Mechanistic studies of the inhibition of hepatic uroporphyrinogen decarboxylase in C57BL/10 mice by iron-hexachlorobenzene synergism

Porphyria was induced in C57BL/10 mice with iron overload by a single oral dose (100 mg/kg) of hexachlorobenzene (HCB). Within 2 weeks hepatic uroporphyrinogen decarboxylase (EC 4.1.1.37) was inhibited, reaching a maximum (greater than 95%) at 6-8 weeks. There was no recovery by 14 weeks, despite a fall in liver HCB concentrations to only 6% of the day-3 value. The major rise in hepatic porphyrin levels occurred after 4 weeks and secondary inhibition of uroporphyrinogen synthase (EC 4.2.1.75) was inferred from the progressively greater proportion of uroporphyrin I present relative to the III isomer. Plasma alanine aminotransferase (EC 2.6.1.2) activity was also elevated. Although, in further studies, total microsomal cytochrome P-450 content and ethoxyphenoxazone de-ethylase activity reached a peak a few days after dosing and had declined significantly at the time of maximum inhibition of the decarboxylase, additional treatment of HCB-dosed mice with a cytochrome P1-450 inducer, beta-naphthoflavone, enhanced the inhibition, whereas piperonyl butoxide, an inhibitor of cytochrome P-450, partially protected. Uroporphyrinogen decarboxylase was not radiolabelled in vivo by [14C]HCB. There was no major difference in the ability to hydroxylate HCB between hepatic microsomes from induced C57BL/10 mice and those from the insensitive DBA/2 strain. By contrast, lipid peroxidation, in the presence of NADPH, was 8-fold greater in control C57BL/10 microsomes than in DBA/2 microsomes and was stimulated by iron treatment (although not by HCB). The results suggest that the inhibition of hepatic uroporphyrinogen decarboxylase is unlikely to be due to a direct effect of a metabolite of HCB but to another process requiring a specific cytochrome P-450 isoenzyme and an unknown iron species.

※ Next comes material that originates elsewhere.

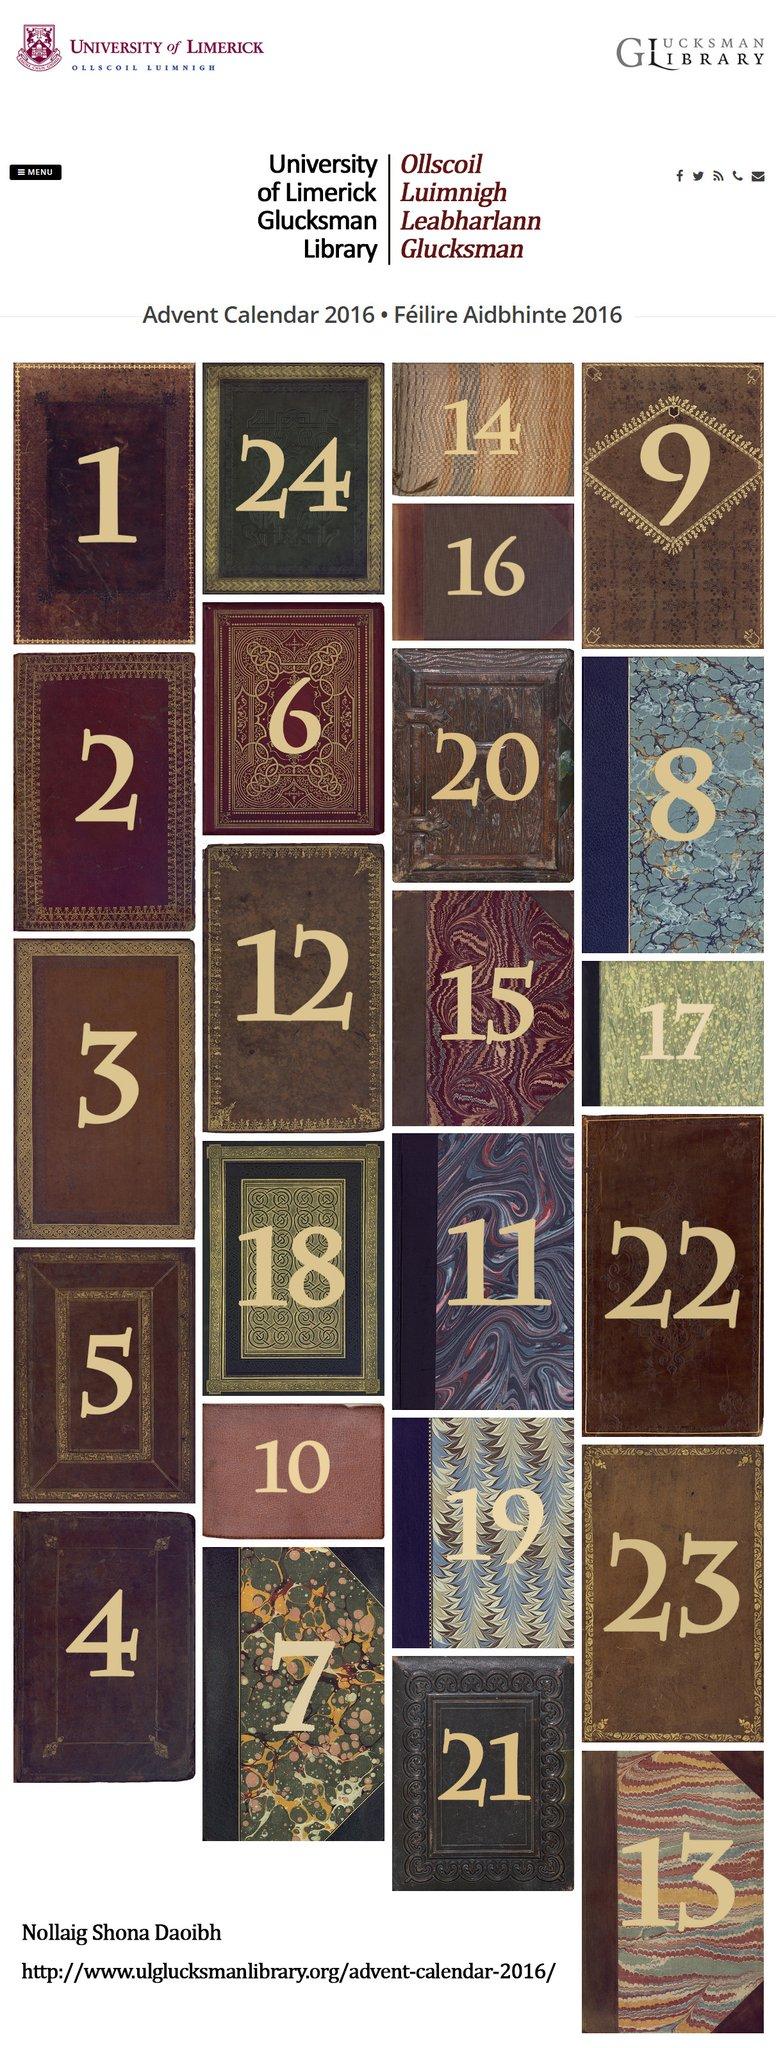 countdown to christmas with the glucksman librarys 2016 advent calendar conul

Fate of hexachlorobenzene in C57BL/10 mice with iron overload

The distribution of radioactivity in male C57BL/10 mice dosed with [14C]hexachlorobenzene (HCB) was followed over 21 days and found to be high in adipose tissue and adrenals, moderate in thymus whereas liver was relatively poorly labelled. A predose of iron (500 mg/kg), which greatly promotes the porphyrogenic action of HCB in this strain, had only a small effect on the distribution of radioactivity in tissues and excreta. Iron induced excretion of urinary metabolites from HCB by C57BL/10 mice but not by the insensitive DBA/2 strain. However, there was no such difference in faecal metabolites, total metabolism was only slightly increased and there was no correlation between liver porphyrin levels and urinary excretion of metabolites by individual mice. At the end of 4 weeks exposure of iron-treated C57BL/10 mice to HCB urinary metabolites fell while porphyrin excretion continued to rise. Thus the considerable sensitisation of the C57BL/10 strain after iron overload to the induction of porphyria by HCB cannot be ascribed simply to enhancement of total metabolism but must be caused either by the formation of a specific undetected metabolite or induction of some other toxic process.